Japan slammed by torrential rain as typhoon nears


Parts of Japan were slammed by torrential rain on Friday as Typhoon Mawar neared, bringing winds and heavy rain to a wide swathe of the country and prompting authorities to advise tens of thousands to evacuate.

Mawar, which wreaked havoc on Guam earlier this week, has weakened to tropical storm strength from its earlier super typhoon status, and the main body of the storm was expected to pass south of the main island of Honshu as it moved into the Pacific.

But forecasters warned there was the danger that humid air from the typhoon could feed into a seasonal rain front, touching off heavy localised rains.

Similar weather patterns have caused flooding and landslides in the past, most notably in the summer of 2018, when more than 200 people were killed in western Japan.
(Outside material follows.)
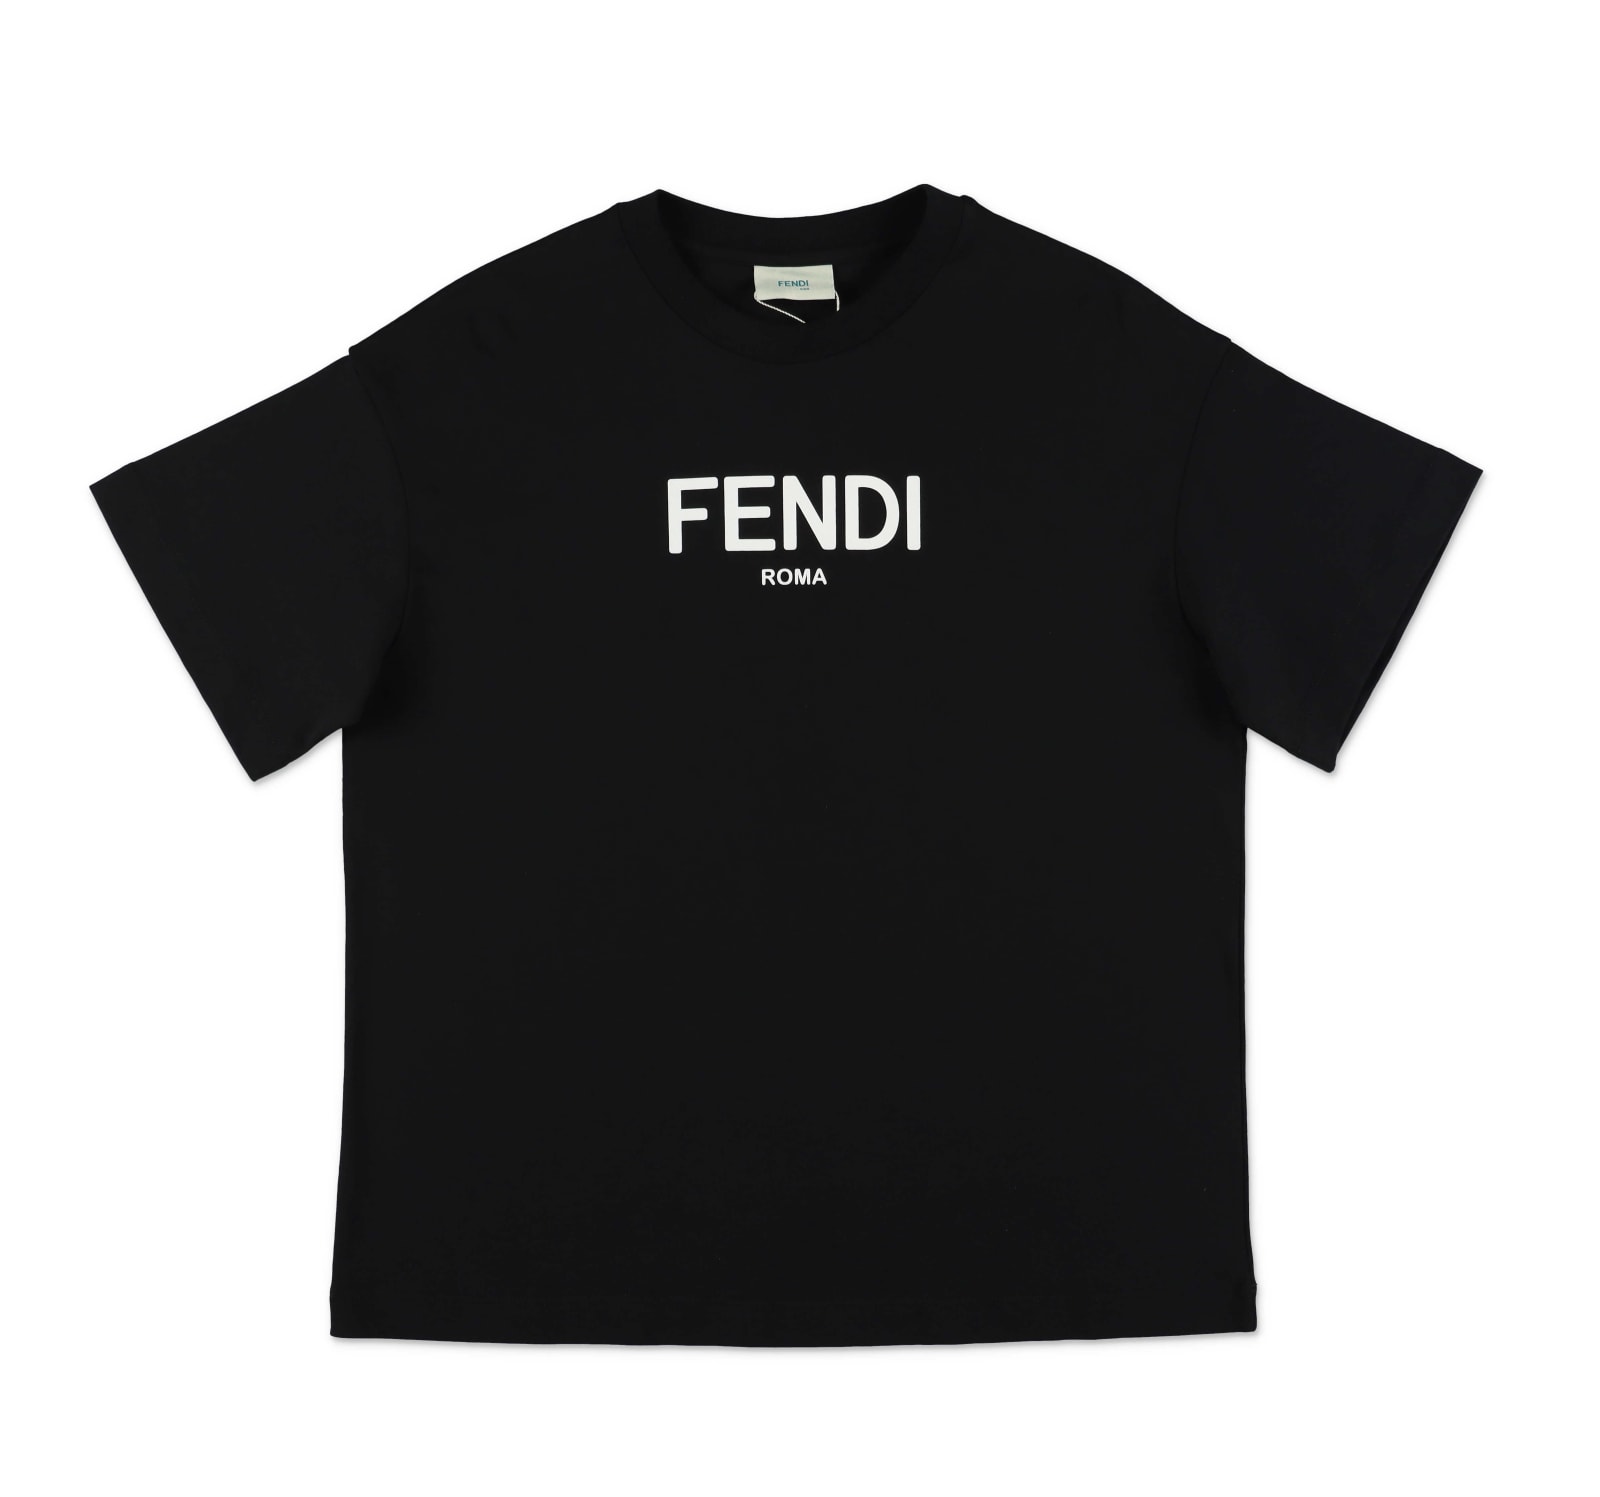 Fendi T-shirt Nera In Jersey Di Cotone Bambino

Though heavy summer rains are not uncommon in Japan, June is unusually early for a typhoon-type storm to near the islands. On Thursday, the Japan Meteorological Agency (JMA) said the nation had experienced its warmest spring since record-keeping began in 1898.

The JMA issued flood warnings for the Okinawa island chain and parts of Shikoku and Honshu islands, with forecasts of 350 mm of rain in parts of western Honshu in the 24 hours up to Saturday morning.

Parts of Shikoku were hit by 162.5 mm of rain in the three hours to 9:00 am (2400 GMT), nearly half of that in one hour, NHK public broadcaster said, prompting warnings of landslides.

Around 27,000 people were advised to evacuate in Toyohashi, a city in central Honshu. Evacuation advisories were also issued in parts of Shikoku.

A number of flights to parts of the Okinawa island chain were cancelled but there were no other reports of major transportation snarls as of Friday morning.